El profesor Jesús María González, del Instituto de Magnetismo Aplicado, considera que tres kilómetros sería una distancia más prudente. De este Instituto de la Universidad Complutense salieron las primeras pulseras encargadas por la Comunidad de Madrid en 2004. Funcionan con radiaciones electromagnéticas que emite uno de los aparatos en una frecuencia especial. Cuando la radiación encuentra la de otro aparato, puede calcular la distancia entre ambos. La señal llega a la Policía por un móvil. Las nuevas pulseras telemáticas las llevan presos en tercer grado. Permiten que el recluso salga del centro durante un tiempo. Si lo rebasa, salta la alarma. Están fabricadas con neopreno, material resistente al agua, para que no necesite quitársela ni siquiera en la ducha.
La nueva remesa de pulseras que se repartirá dentro de unas semanas será similar a los localizadores GPS actuales. Parecen collares, MP3, relojes o mandos de garaje. Son dispositivos discretos que no estigmatizan, ni a la víctima, ni al agresor, y sí deberían disuadir del delito, sobre todo en el caso de los pederastas en sus primeras salidas. En este supuesto, las alarmas saltarían en las proximidades de colegios. Aunque nuestro actual Derecho Penal no permite esta medida una vez cumplida la pena, salvo que la recoja la sentencia.
El equipo del ingeniero electrónico Federico Barrero, de la Universidad de Sevilla, está desarrollando, junto a la empresa Visión Sistemas de Localización, una tecnología basada en la del Keruve, un localizador para personas con alzhéimer: “Permitirá monitorizar las órdenes de alejamiento, y alertar rápidamente a los implicados y a los poderes públicos”. Se explorarán el hardware y el software de modernos sistemas electrónicos con capacidad de interacción con otros sistemas públicos y privados. “Pretendemos desarrollar un prototipo de comunidad virtual con la tecnología Web 2.0, que permitirá la creación de redes sociales de aislamiento y la ayuda de expertos jurídicos y psicológicos”.
Aunque la tecnología a veces juega también del lado del delincuente.
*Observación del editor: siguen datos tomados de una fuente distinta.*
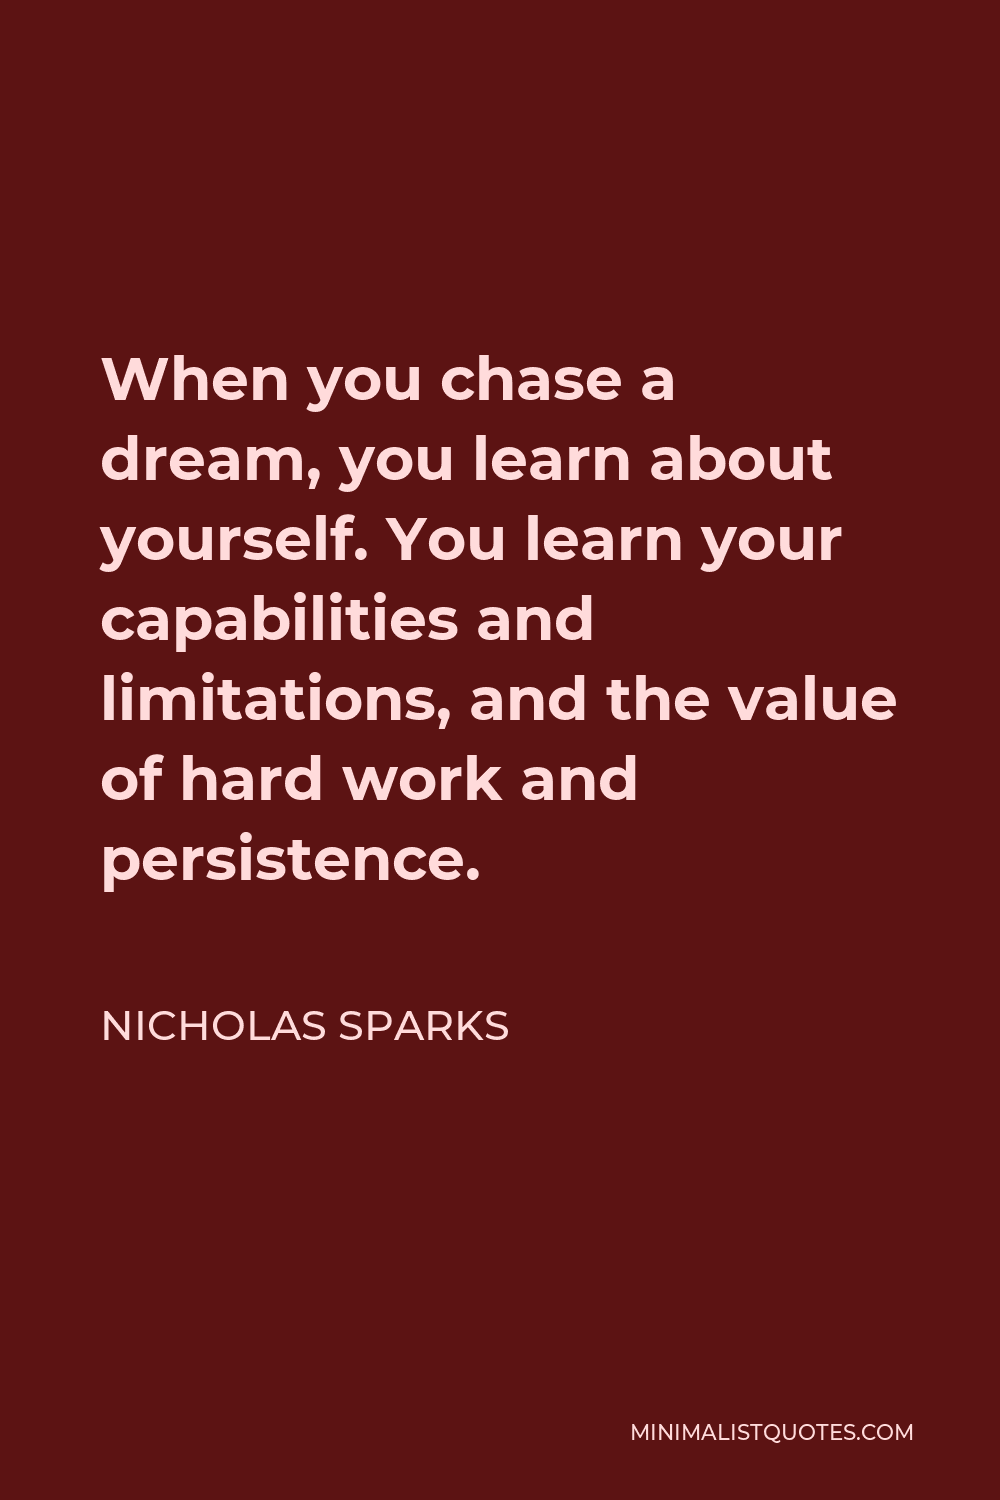 Nicholas Sparks Quote - When you chase a dream, you learn about yourself. You learn your capabilities and limitations, and the value of hard work and persistence.
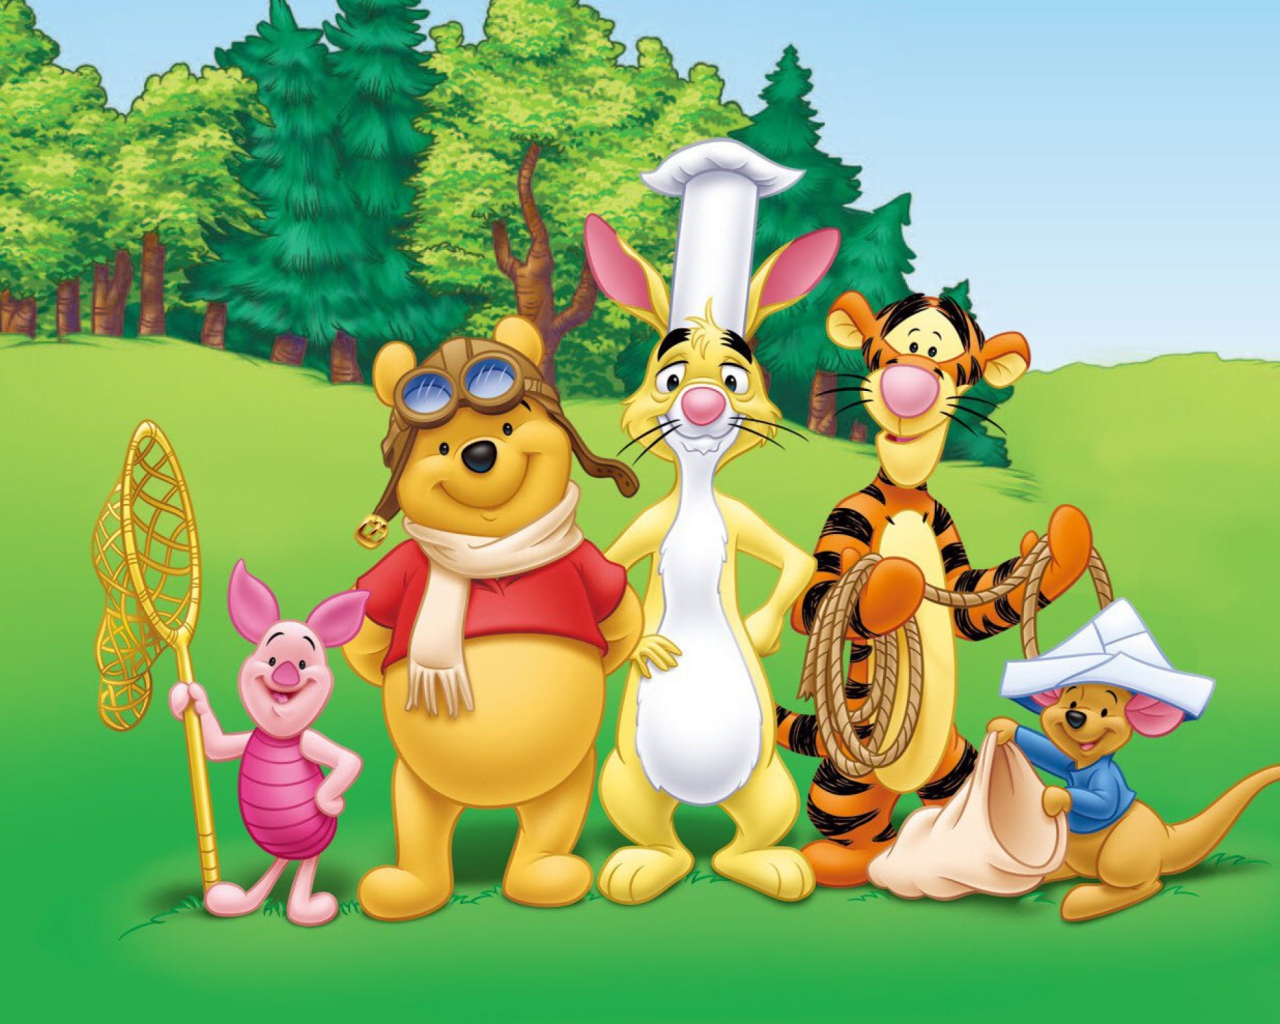 Das Pooh and Friends Wallpaper 1280x1024

Muchos terroristas han utilizado, por ejemplo, las nuevas consolas para pergeñar ataques. En algunas cárceles, como las británicas, están prohibidas. Por otro lado, Reino Unido, que cumple ahora su décimo aniversario en el uso de pulseras telemáticas, ofrece un balance positivo de ellas: 145.000 personas han podido aliviar su condena, y el porcentaje de satisfacción ronda el 80%. En Argentina, la tasa de fracaso es mayor. Allí, un preso que cumplía arresto domiciliario bajo un sistema de monitorización asesinó a cuatro personas. Lo hizo con un software, un corte en la línea telefónica y 500 pesos. En Canadá, Suecia y Australia, la tasa de conformidad alcanza el 90%. Obama ha solicitado un análisis para aplicar pulseras a miles de reclusos más.
Estas medidas, a la vez de integración y de defensa de la sociedad, no se conciben sin una revisión de las cárceles (véase el recuadro de arriba). En la macroprisión gaditana Puerto III, la innovación tecnológica se combina con programas de tratamiento para drogodependientes y condenados por violencia de género o agresión sexual. Se han incorporado detectores antivándalos y sistemas electrónicos de toma de huellas dactilares. La prisión mexicana de Iztapalapa, una de las más conflictivas del planeta, comienza a dotarse con avanzada tecnología. El edificio será panóptico: se construirá de modo que todo su interior sea visible desde un solo punto. Pero todo sistema ha resultado ineficaz a la hora de templar la ira del preso. Ni en las prisiones de máxima seguridad de EEUU, Oak Park Heights Supermax, el correccional Lebanon de Ohio…, han podido evitar algunas reyertas sonadas. Será porque la cárcel, aunque la modernidad esté lavando su cara, nunca dejará de ser ese sitio donde, como dijo Cervantes: “Toda incomodidad tiene su asiento y todo ruido hace su habitación”.